Laws in general are vague because it's impossible to perfectly describe and encapsulate the entirety of human endeavours in any given field.

That said, there's very little that is vague about European laws curbing the unfettered unregulated unlimited-growth-at-all-costs US-brand of capitalism. For example, here's a look inside DMA: https://ia.net/topics/unraveling-the-digital-markets-act Note how different it is from the bullshit that US corporations spew about it and that gullible people buy into?

1 comments

I'm not going to engage a reply when your responses are how you personally feel projected as facts. Particularly the comedy around the suggestion that a social network is a requirement (maybe you feel like you need one?)

Also I think you've missed the point as you've pasted in quite a bit of information that confirms or agrees with my views.

> I'm not going to engage a reply when your responses are how you personally feel projected as facts.

Isn't it the exact same that you did?

> Particularly the comedy around the suggestion that a social network is a requirement

I never said it was a requirement.

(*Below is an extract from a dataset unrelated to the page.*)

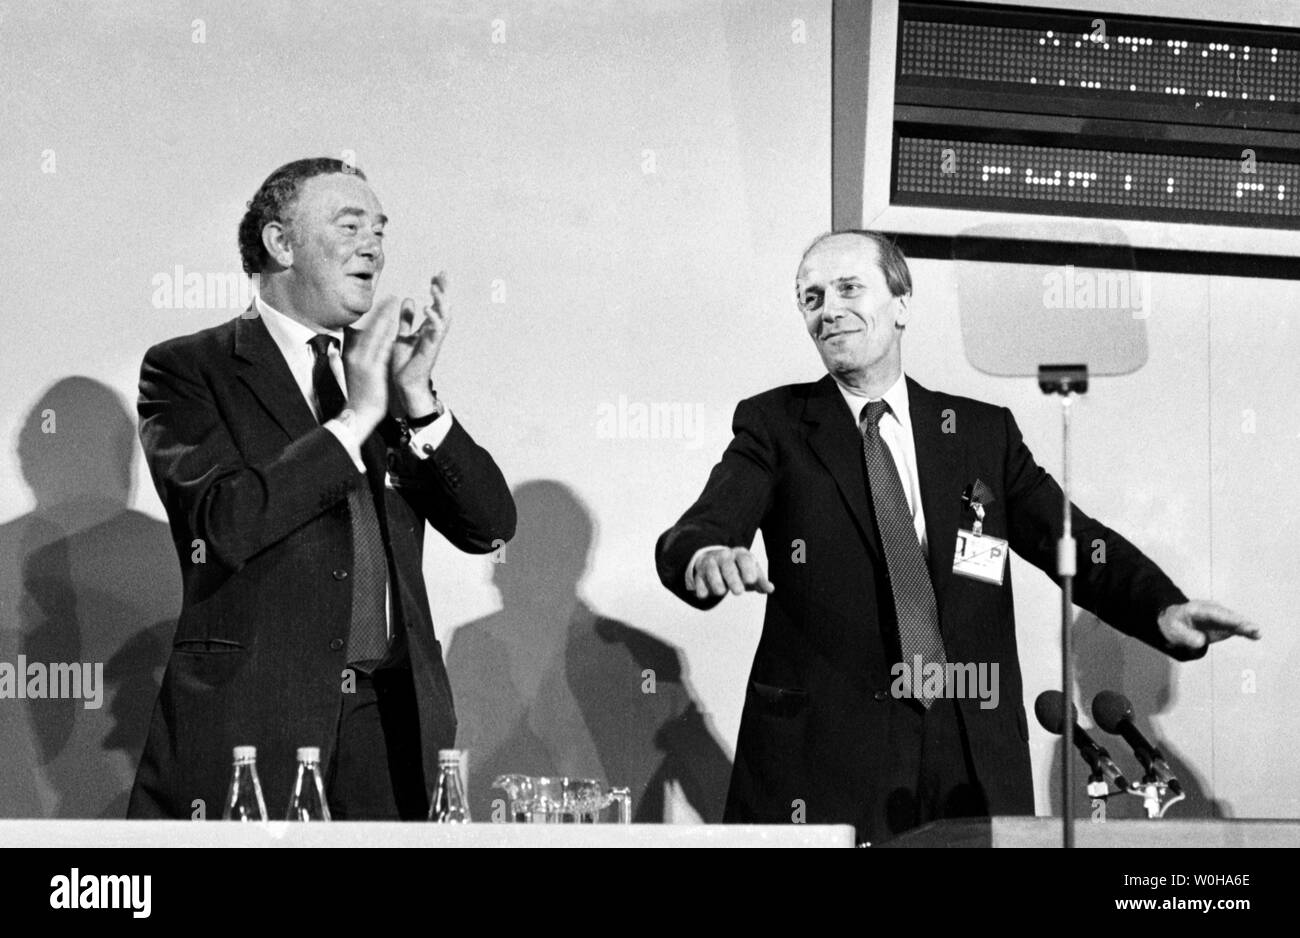 Tory party chairman Norman Tebbit (r) appeals for quiet during an enthusiastic reception to his speech at the party's conference in Blackpool. Tory party vice-chairman Peter Morrison (l) stands applauding.  *WIREPHOTO Stock Photo

You could try and actually read what I wrote instead of imagining what I wrote.

> Also I think you've missed the point as you've pasted in quite a bit of information that confirms or agrees with my views.

Again, you could try and read that information instead of imagining what this information is.

I make the distinction between what are my opinions. This is a feature of comprehension that you lack and it's why I don't engage in [your] bad faith arguments since it underlines that your objective is not to present facts or opinions for discussion but rather to convey that what you think and feel as factual information - when it is not and you've provided no evidence to suggest that it is.

I'm hope this makes it clear for you. Since I don't see any value in conversations where people can't stand behind their personal ideas.